Characterization of Smyd1b_tv1 and Smyd1b_tv2 subcellular localization during muscle development in zebrafish embryos

Previous studies have shown that Smyd1 undergoes a nucleus to cytoplasm translocation during C2C12 myoblast differentiation in vitro [5]. It is not clear whether the two isoforms, Smyd1b_tv1 and Smyd1b_tv2, from alternative splicing have similar or distinct subcellular localization in muscle cells during muscle development. To better understand Smyd1b function in myofibril assembly, we analyzed the subcellular localization of Smyd1b_tv1 and Smyd1b_tv2 during muscle development using transgenic zebrafish models that expressed a myc-tagged Smyd1b_tv1 or Smyd1b_tv2 under the control of its own promoter (Fig. 1). The results showed a dynamic subcellular localization of Smyd1b_tv1myc and Smyd1b_tv2myc during muscle development. In early stage embryos at 14 and 24 hpf, Smyd1b_tv1 and Smyd1b_tv2 were primarily localized in the cytosol of myoblast and myotubes with little or no nuclear localization (Fig. 2A–D). However, as embryos develop into late stages, a clear sarcomeric localization was detected for Smyd1b_tv1 in differentiated myofibers at 27 hpf (Fig. 2E). The sarcomeric localization appeared earlier for Smyd1b_tv1 than Smyd1b_tv2 (Fig. 2F). The sarcomeric localization of Smyd1b_tv1myc was maintained throughout early development (Fig. 2G, I, K). In contrast, a weak sarcomeric localization of Smyd1b_tv2 could be detected in zebrafish embryos at 72 hpf (Fig. 2L).

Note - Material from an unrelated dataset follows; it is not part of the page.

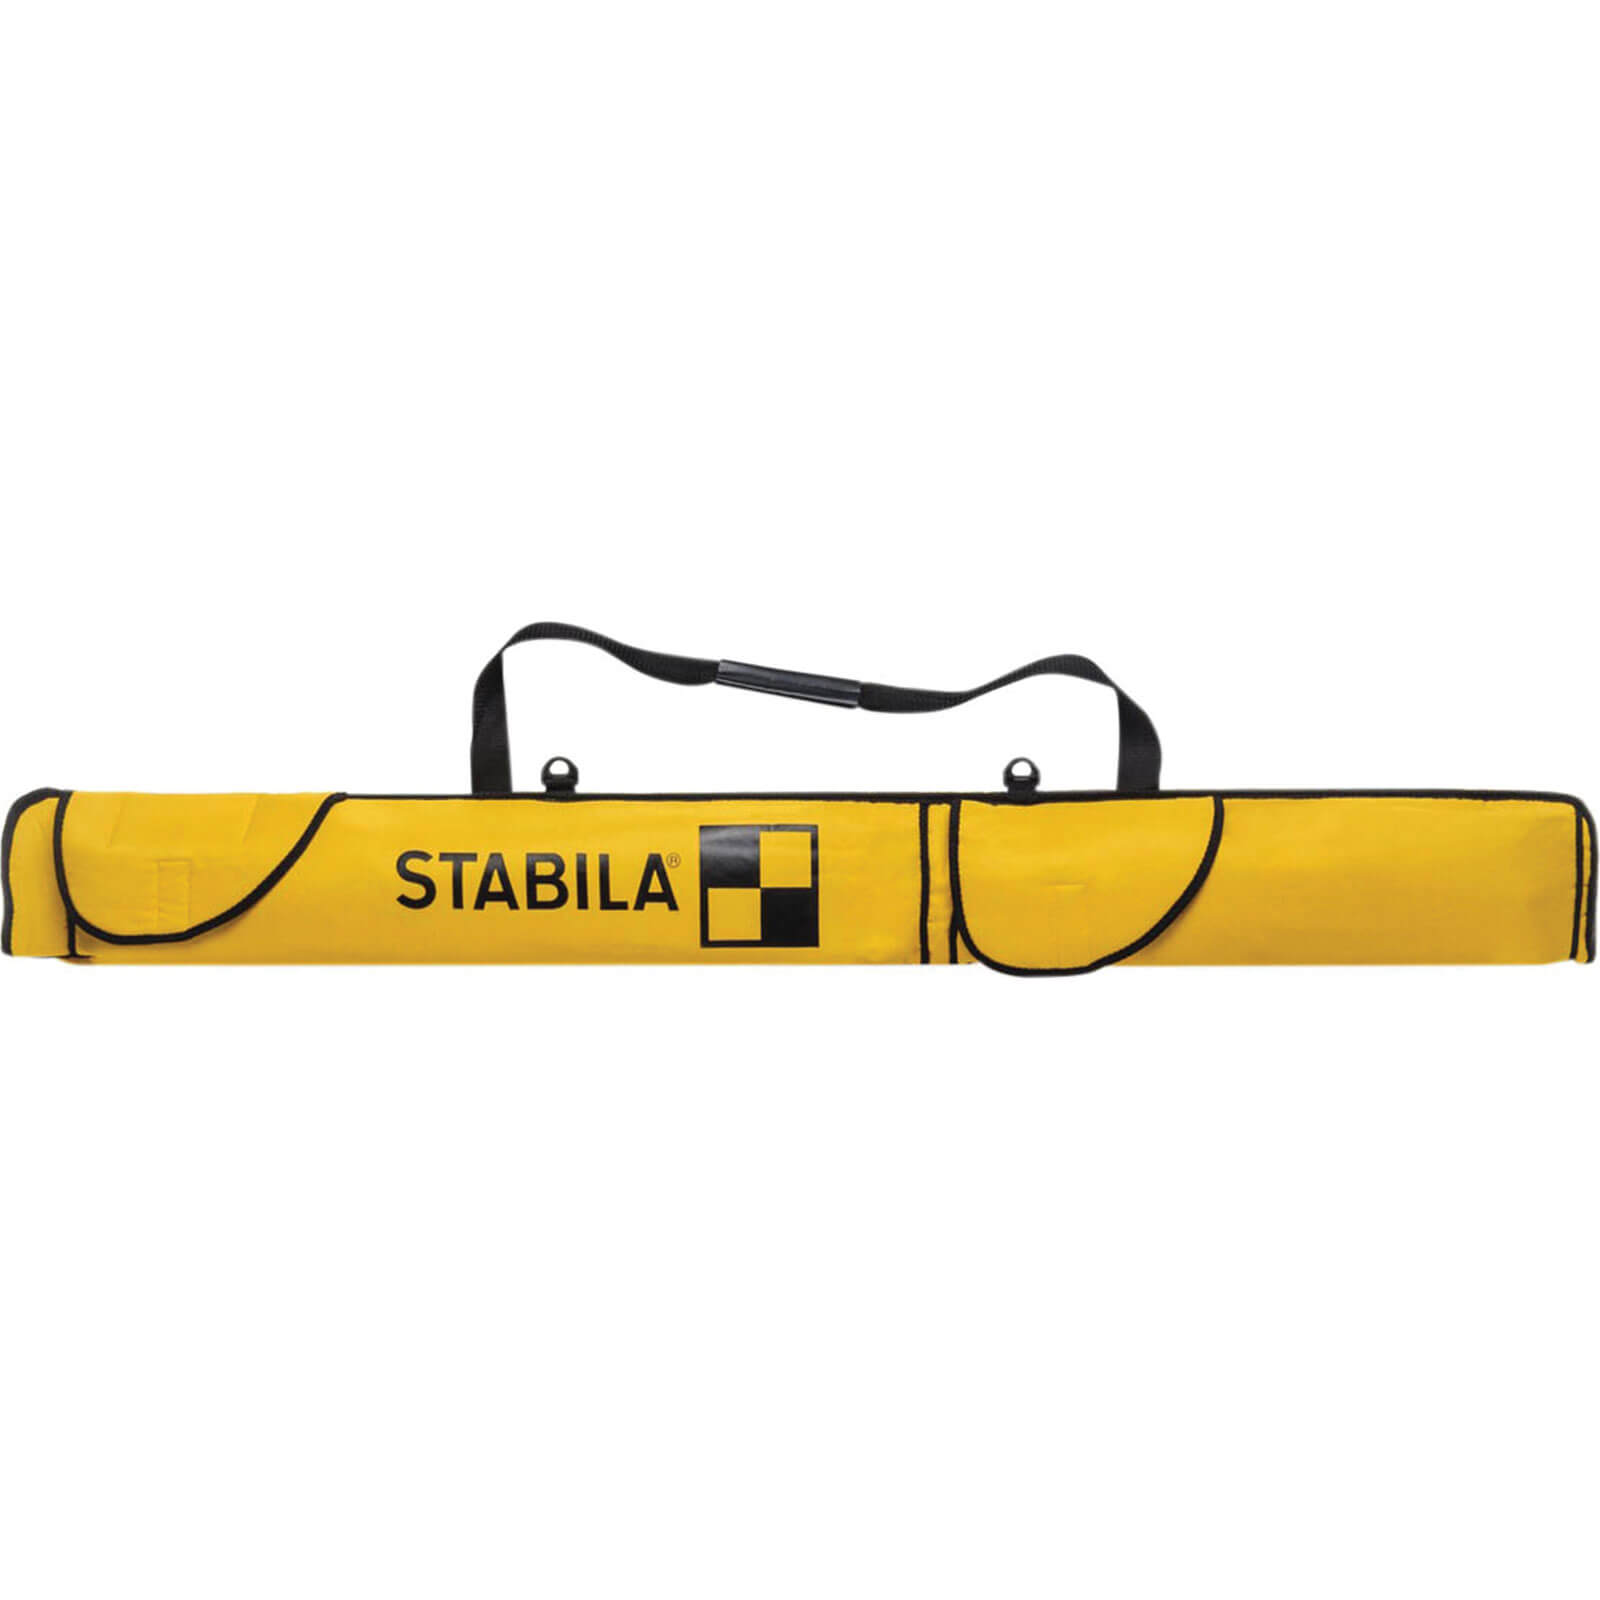 Image of Stabila Combi Spirit Level Bag 78" / 200cm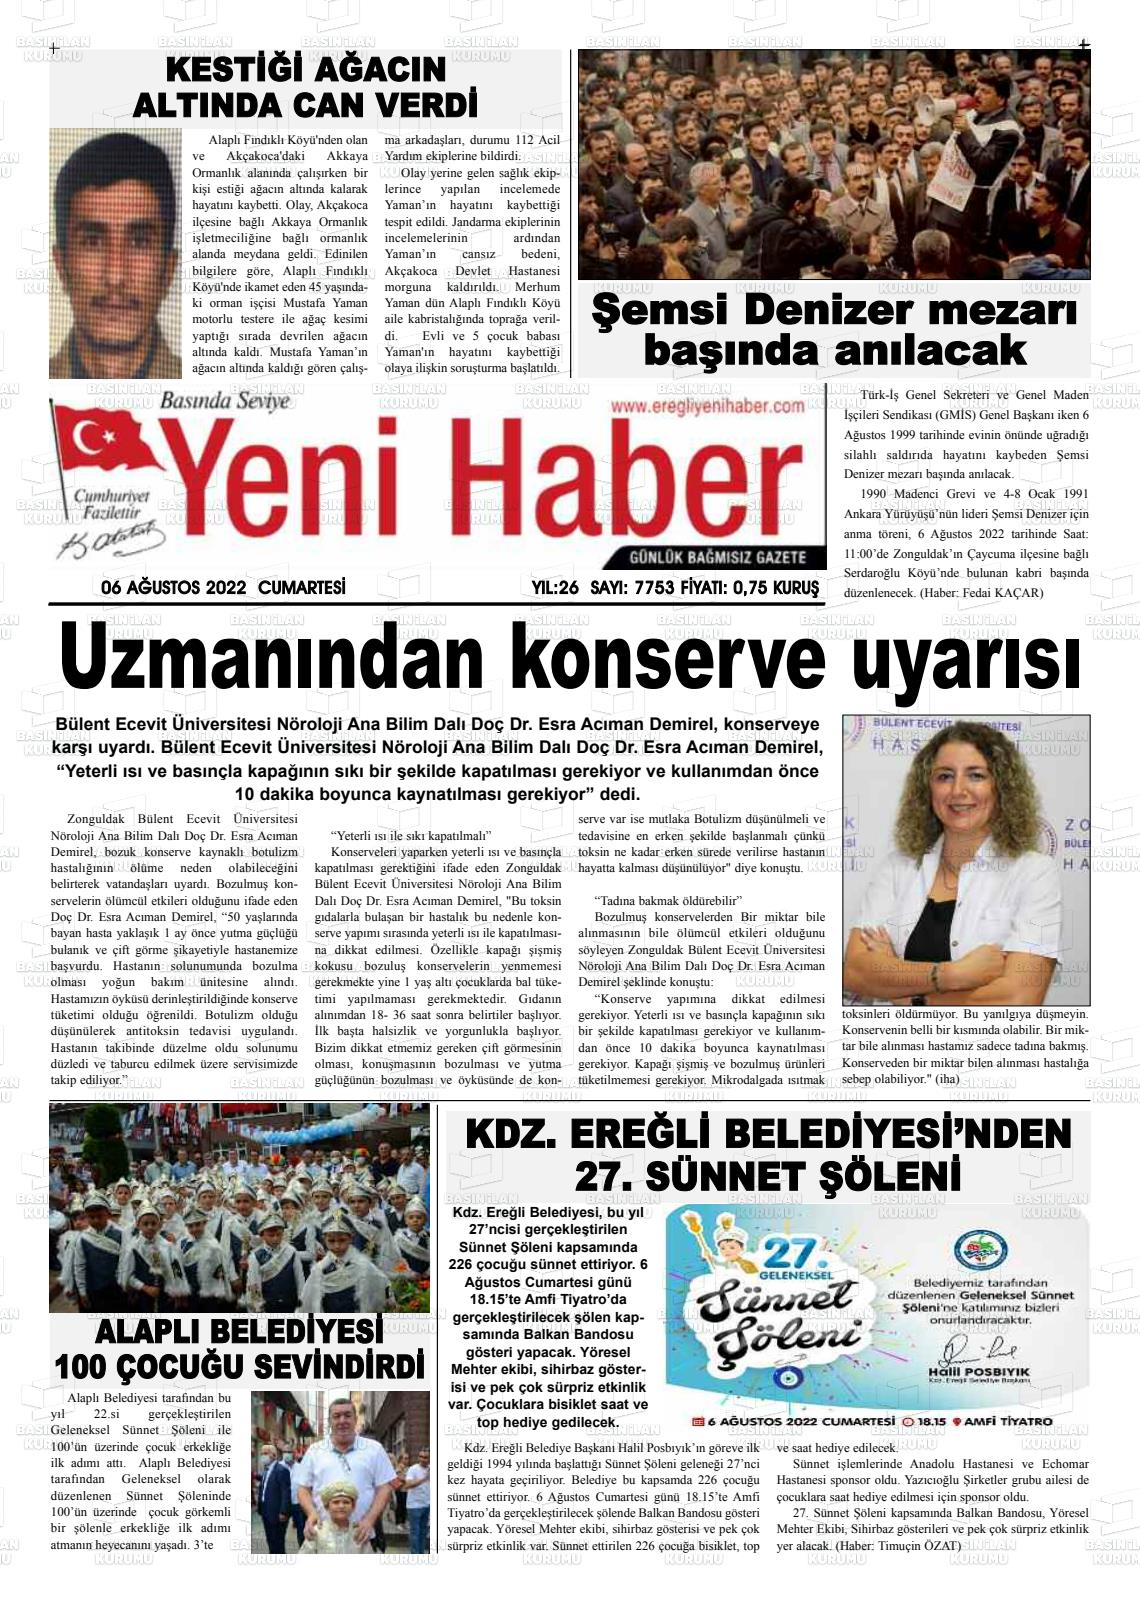 06 Ağustos 2022 Ereğli Yeni Haber Gazete Manşeti

Figure 1. Generation of Smyd1b_tv1 and Smyd1b_tv2 by alternative splicing and construction of the Smyd1b_tv1myc and Smyd1b_tv2myc transgenes.

Figure 1

Smyd1b_tv1 and Smyd1b_tv2 transcripts are generated by alternative splicing. Their cDNA sequences are identical, with the exception of the 39 bp insertion encoded by exon 5. It translates into a 13 amino acids insertion in Smyd1b_tv1. Smyd1b_tv1myc and Smyd1b_tv2myc transgenes are constructed by fusing with an in frame myc-tag at the N-terminus. Expression of the transgenes are directed by its own promoter. A SV40 PolyA signal was included at the 3′ end.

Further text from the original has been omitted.